Конев нам вручил и подарки: для Тито свой личный бинокль, а нам пистолеты – свой я хранил, пока его не конфисковали во время моего ареста в 1956 году.
На фронте было множество примеров личного геройства и непреодолимой стойкости и инициативы солдатских масс. Измученная лишениями, Россия была вся крайним напряжением и волей к конечной победе. В те дни Москва и мы вместе с нею по-детски радовались "салютам" – фейерверкам, приветствовавшим победы, за которыми стояли пожар и смерть, надежды и ожесточение.
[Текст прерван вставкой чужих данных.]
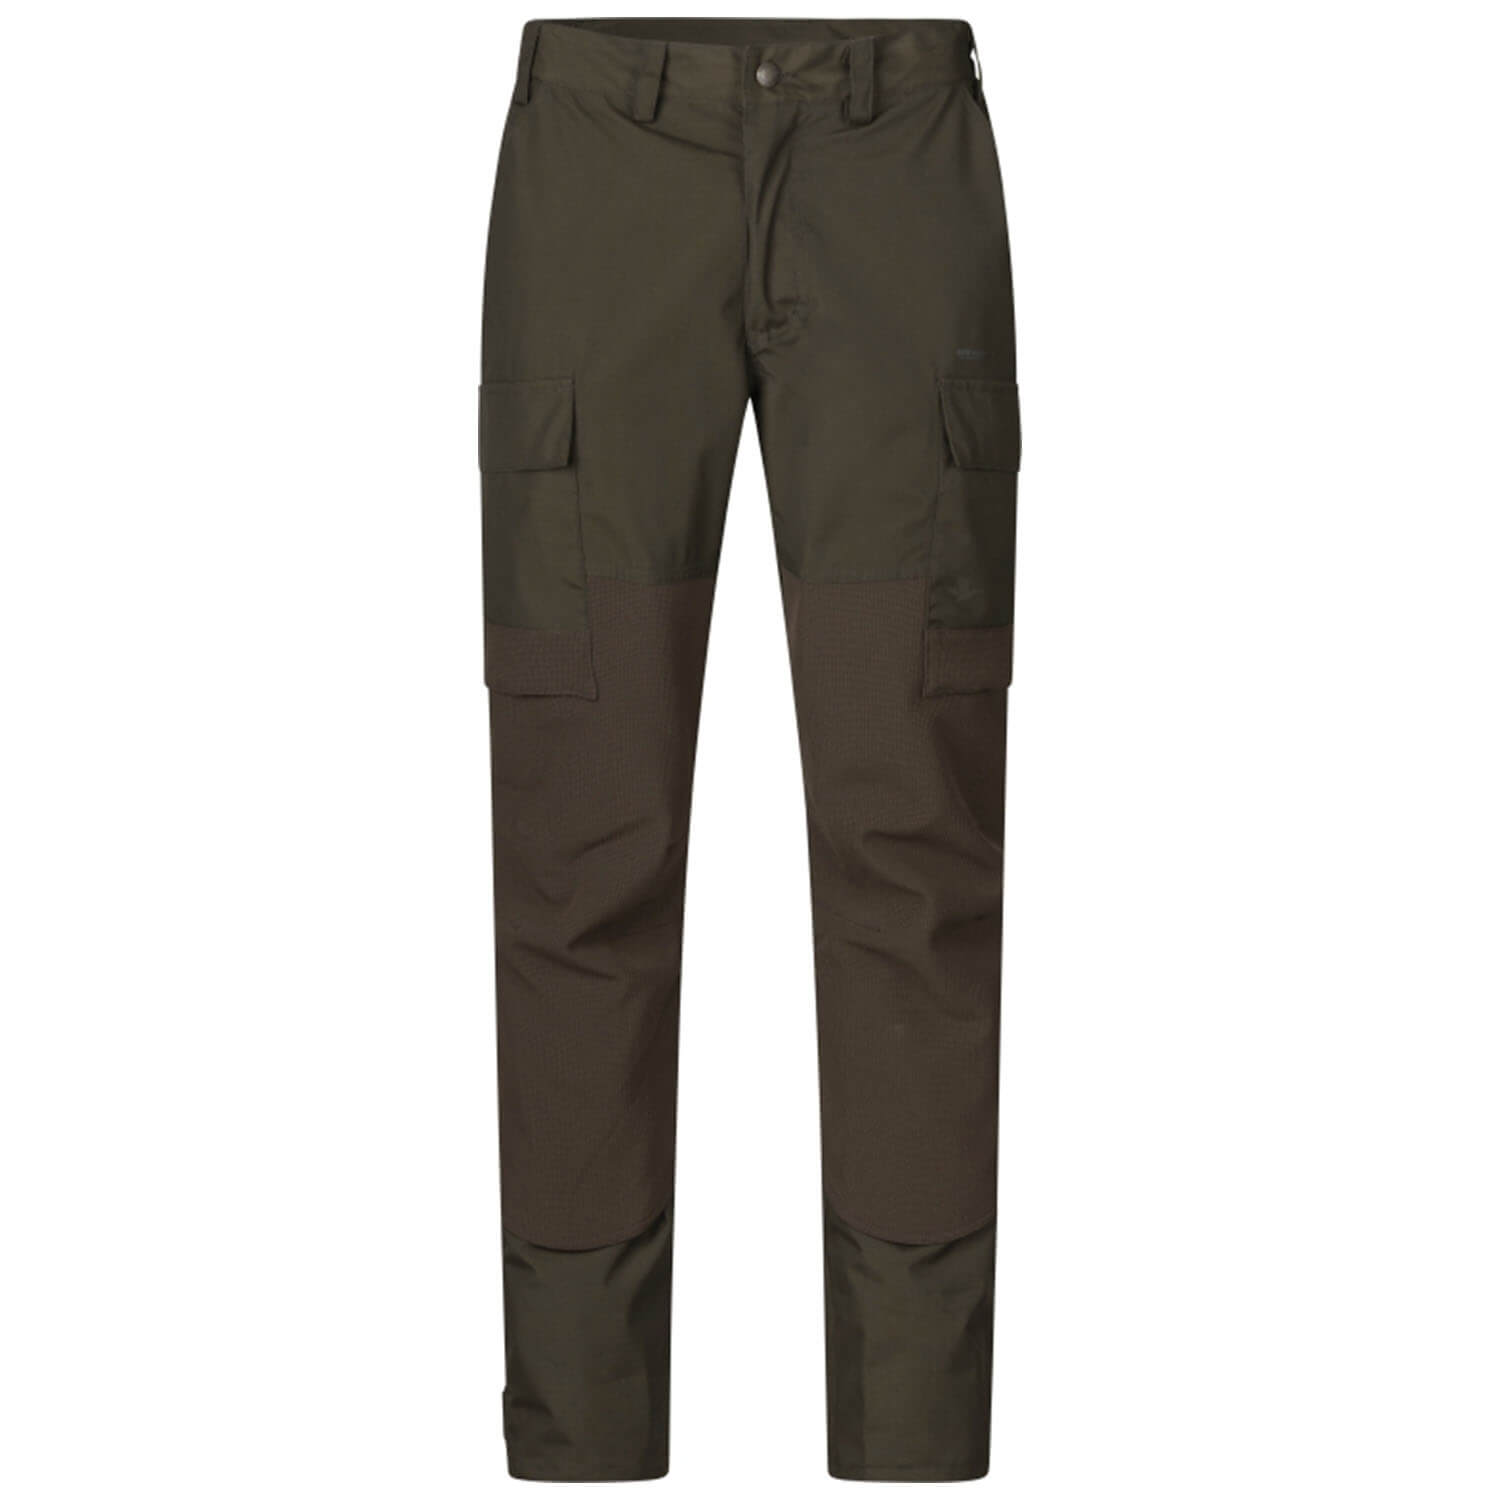 Seeland hunting pants Arden (pine green) - Hunting Clothing
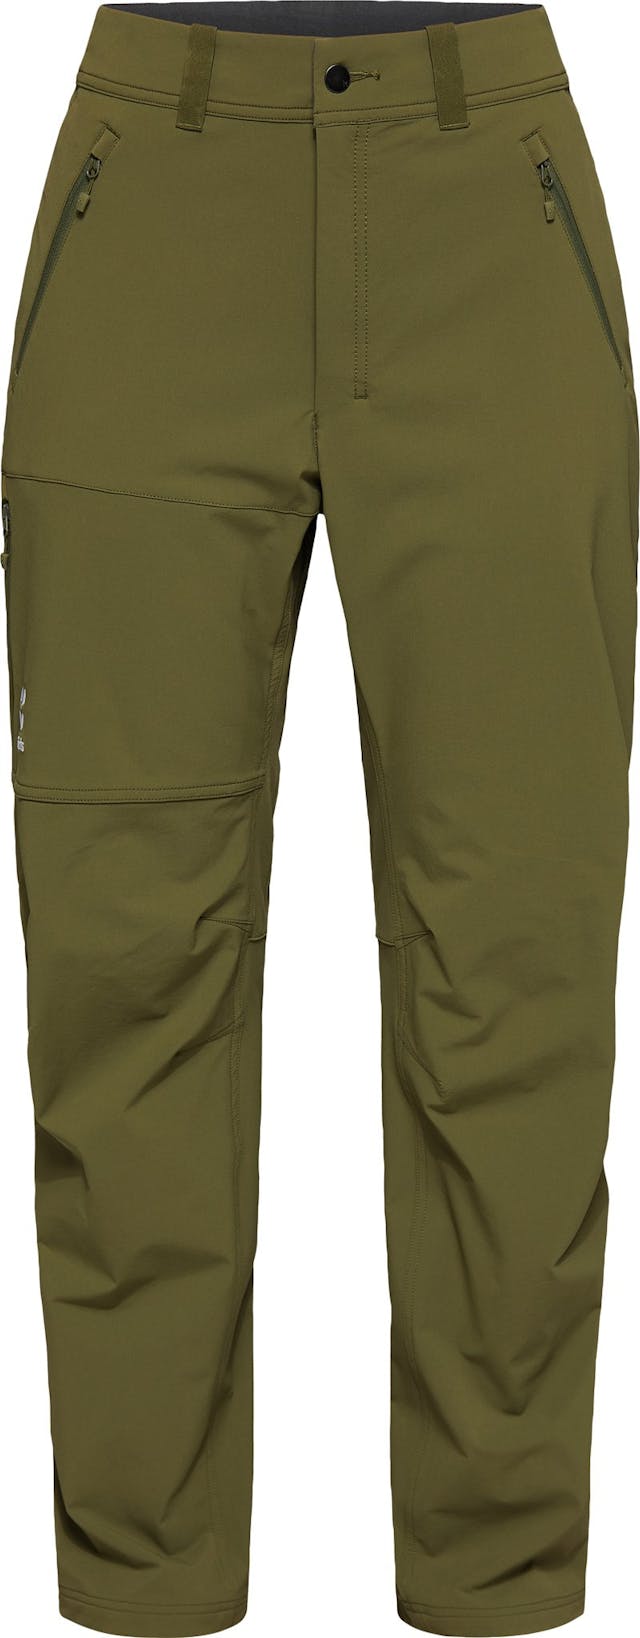 Product image for Morän Softshell Relaxed Pant - Women's

Это была и для югославских борцов радость среди горя, постигшего их землю. Как будто в Советском Союзе ничего и не было, кроме этого гигантского, самозабвенного напряжения безбрежной страны и многомиллионного народа. Я только это и видел, необъективно ставя знак равенства между патриотизмом русского народа и советской системой, потому что и я о ней мечтал, за нее боролся.
Было около пяти часов пополудни – я только что закончил доклад во Всеславянском комитете и начал отвечать на вопросы, – когда мне шепнули, что надо немедленно кончать, что есть важное и неотложное дело. Этому моему докладу придавали особое значение не только мы, югославские работники, но и советские – избранной публике меня представил помощник Молотова С. А. Лозовский. Проблема Югославии явно становилась все более неотложной и для союзников.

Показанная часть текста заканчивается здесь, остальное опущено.